Bosses at some of Britain’s biggest firms face a shareholder outcry for topping up their salaries through pension payments.
The likes of Lloyds and Burberry are in the firing line for paying their chief executives hundreds of thousands of pounds each year in retirement contributions.
The payments are done through special schemes not open to ordinary staff, who must settle for a much lower rate of support than the top brass.
The likes of Lloyds and Burberry are in the firing line for paying their chief executives hundreds of thousands of pounds each year in retirement contributions
And instead of having to lock their savings away for years in a retirement scheme, bosses just get given a lump cash sum on top of their annual salary.
The Investment Association – which represents big City shareholders – is targeting the practice and has already written to the worst culprits, urging them to treat senior management in the same way as shop floor workers.
Huge pension payments are likely to come under heavy scrutiny in this year’s round of annual general meetings, and could lead to investor rebellions at some of the UK’s biggest names.
In the letter to some of the largest listed firms, the IA’s corporate governance chief Andrew Ninian said: ‘Pension contribution rates should be aligned with those available to the workforce.
‘The pension contributions for current executive directors should be reduced over time to equal the rate received by the majority of the workforce.’
Sacha Sadan, head of corporate governance at £1 trillion fund firm Legal & General Investment Management, said that from next year they will start to vote against sky-high pension payments.
Among the worst culprits is Lloyds, where chief executive Antonio Horta-Osorio gets a pension contribution of £565,000, equal to 46 per cent of his £1.2million annual salary.
In total, he earned £6.4million in 2017 when pension contributions, base pay, bonuses and benefits were all taken into account.
By contrast, staff in the company-wide pension scheme get contributions equal to 13 per cent of their annual wage at most – and this is handed out only if they personally put in 5 per cent.
As is normal in a defined contribution scheme, this money is all invested into the market and locked away until the employee retires. Lloyds used to have a more lucrative scheme but this is now closed.
Horta-Osorio and the other bosses, however, get their pension contributions as a lump cash sum each year.

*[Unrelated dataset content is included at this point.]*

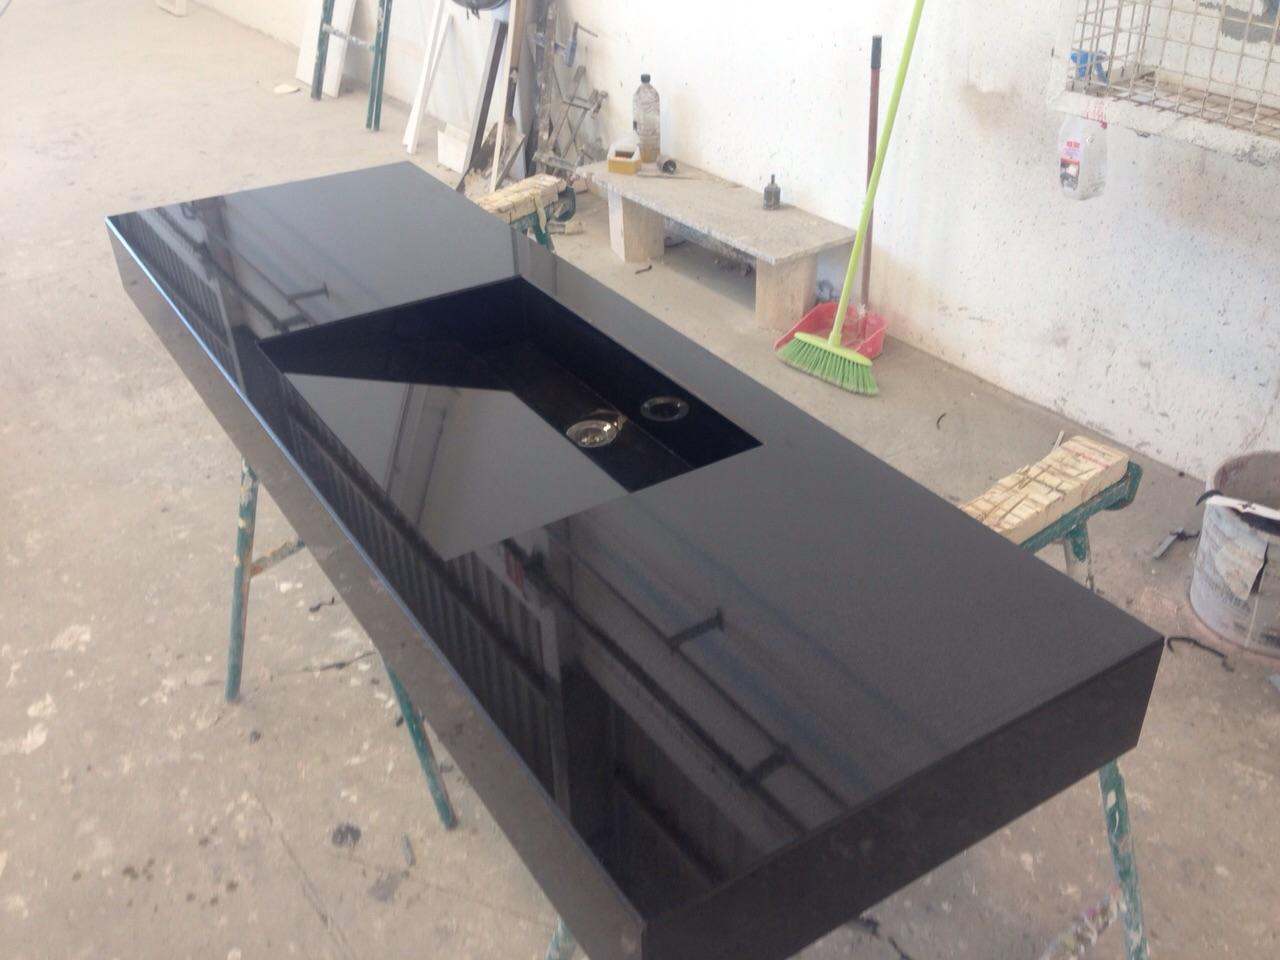 encimera-granito-negro-intenso-de- 12-cm-de-alto-con-fregadero-inclinado

Critics said because of this the payments are more like a hidden salary top-up rather than a true pension scheme.
Labour MP Wes Streeting, a member of the Treasury select committee, said: ‘It does rather look like one rule for the top and another rule for the rest.
‘If high-paid executives think they can escape tough questions on pay by ploughing money through pensions, they will be in for a surprise.’

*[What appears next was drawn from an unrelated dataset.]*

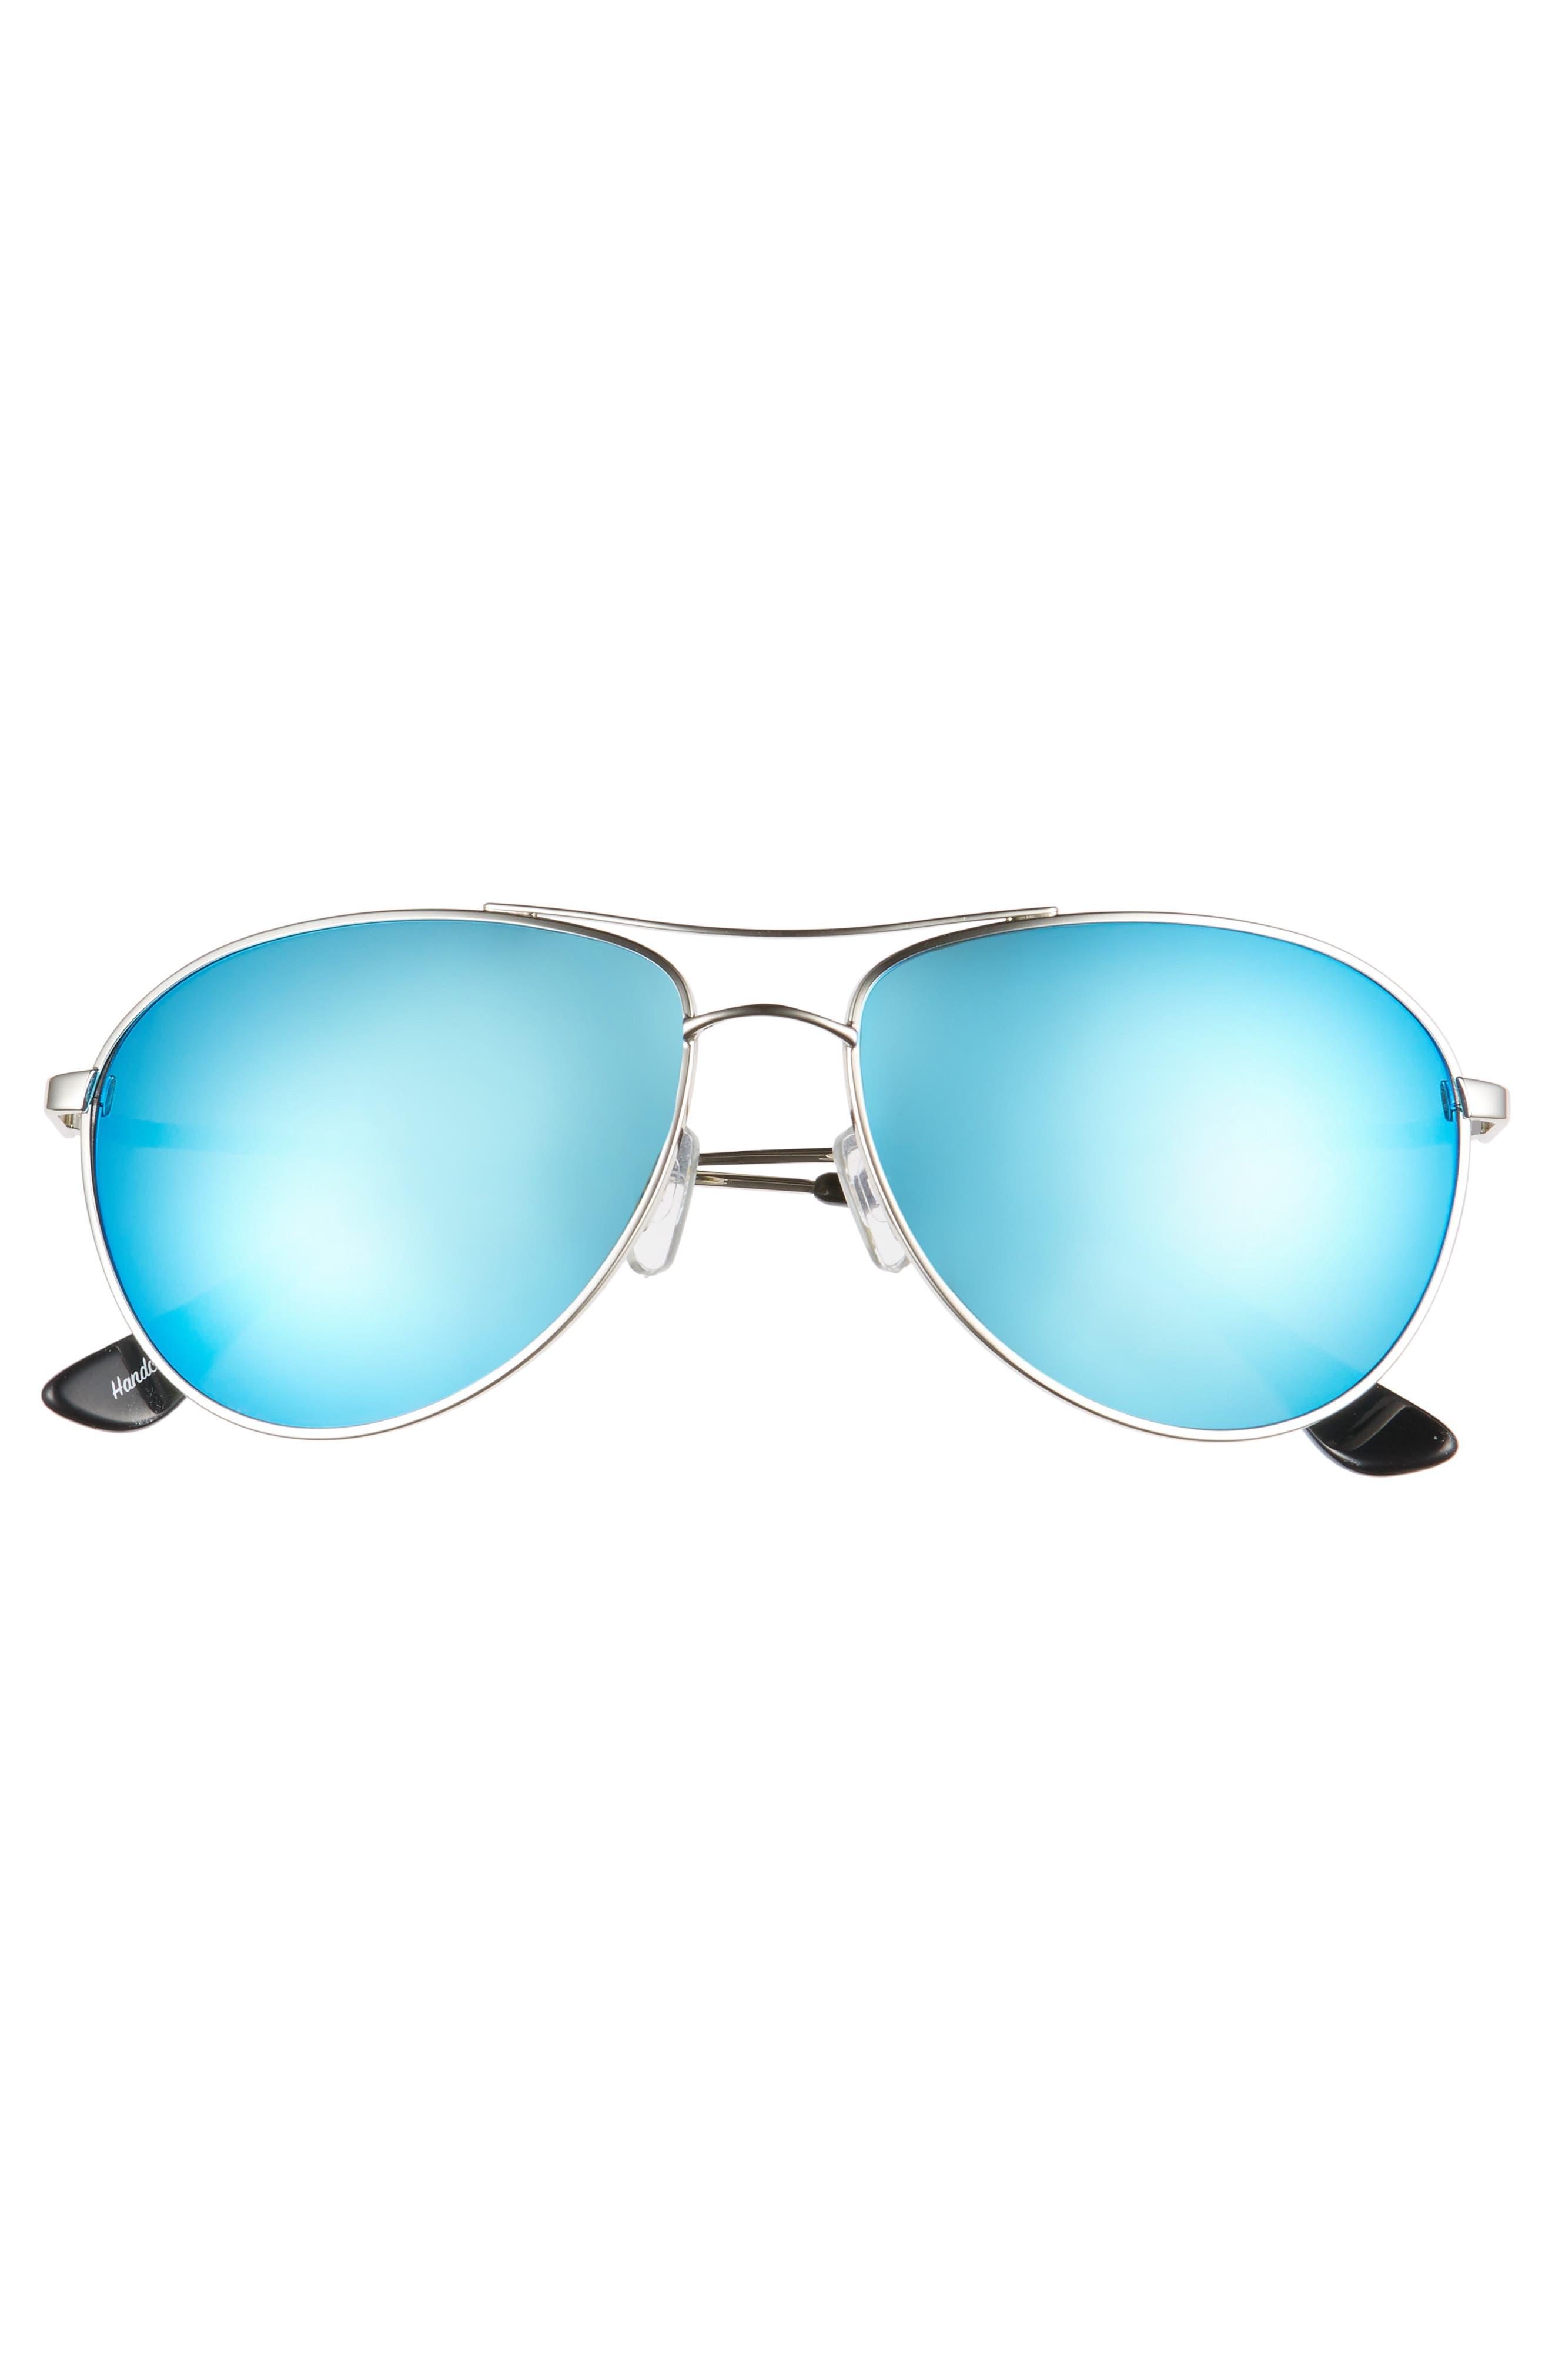 Alternate Image 3  - Brightside Orville 58mm Mirrored Aviator Sunglasses

Other FTSE 100 bosses who get ultra-lucrative payouts include Albert Manifold, of building firm CRH. He received £593,000, or 47 per cent of his annual salary.

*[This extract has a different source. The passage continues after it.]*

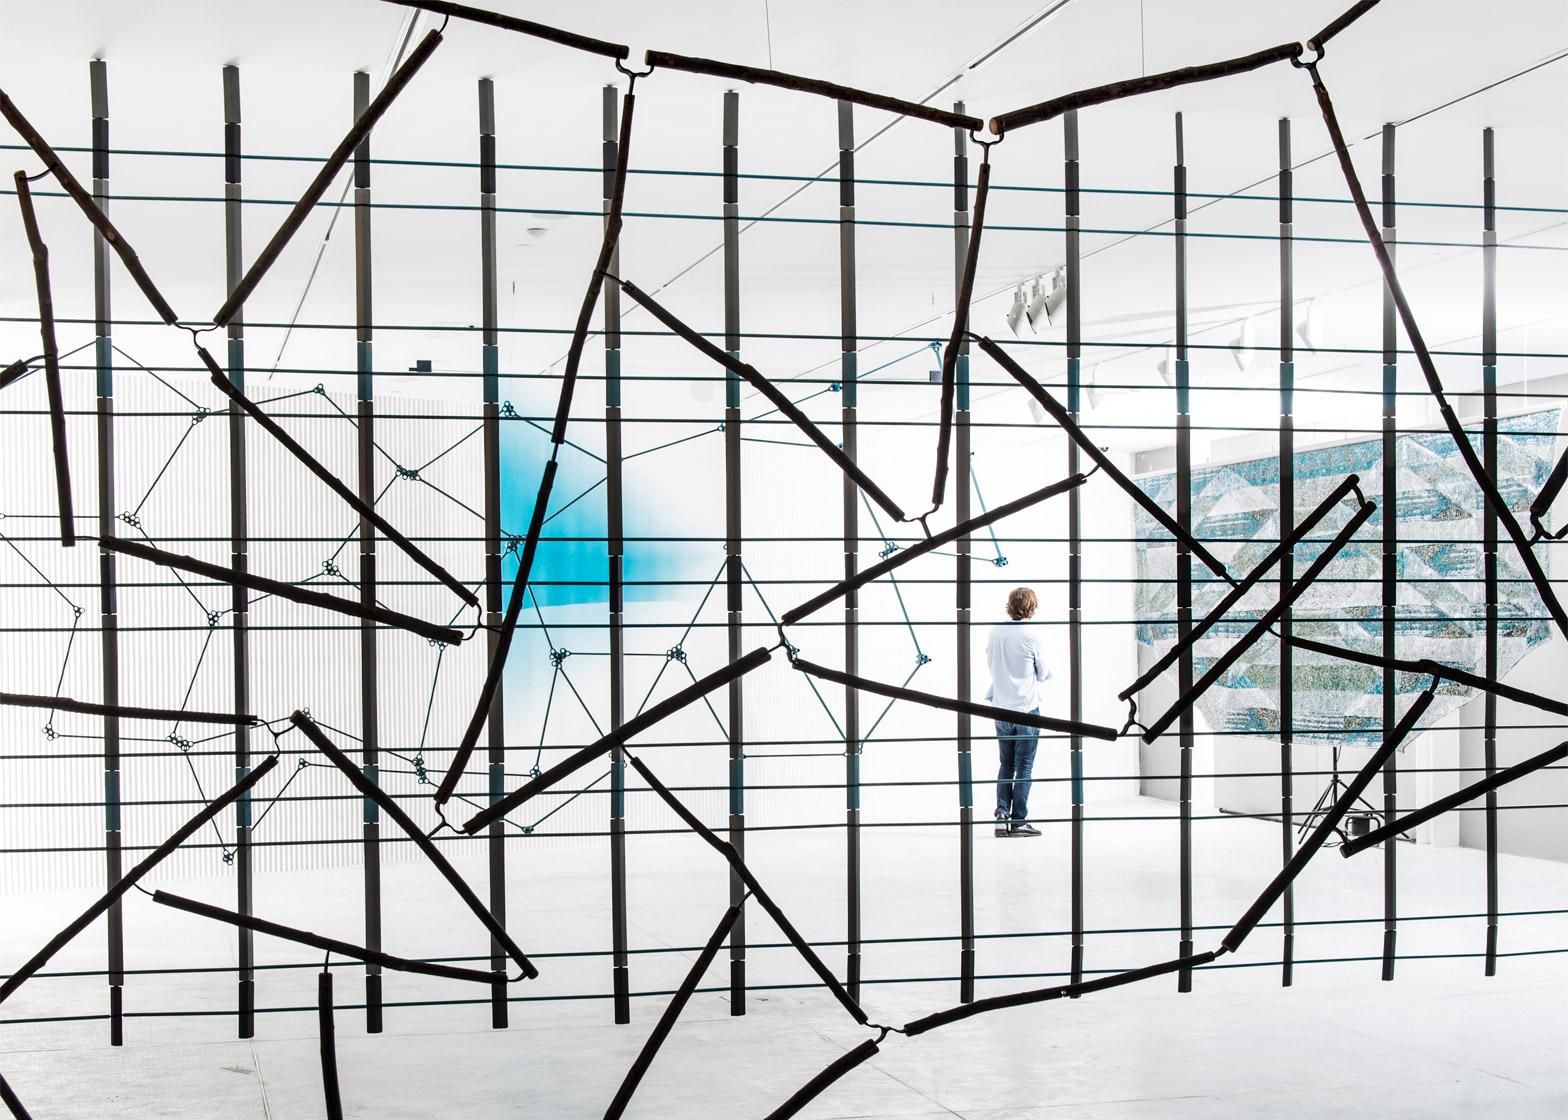 17 Screens by Ronan and Erwan Bouroullec

Bill Winters, head of Standard Chartered Bank, got £460,000 or 40 per cent, and Rakesh Kapoor, the former head of consumer goods titan Reckitt Benckiser, got £281,000, or 30 per cent.
Reckitt’s staff scheme, meanwhile, pays a maximum of 10 per cent.
Marco Gobbetti, chief executive of Burberry, was handed £245,000 or 30 per cent.
The luxury fashion brand is notorious for also giving senior executives a generous cash allowance to spend on whatever they like. In Gobbetti’s case this was £60,000 in 2017/18, part of a total payout of £6.3million.
Labour MP John Mann, another Treasury committee member, said: ‘These huge pension payments are shameful and suggest that bosses are topping up their already massive salaries through the back door.
‘It is completely unacceptable for any chief executive to get much better retirement pay than their ordinary workers.’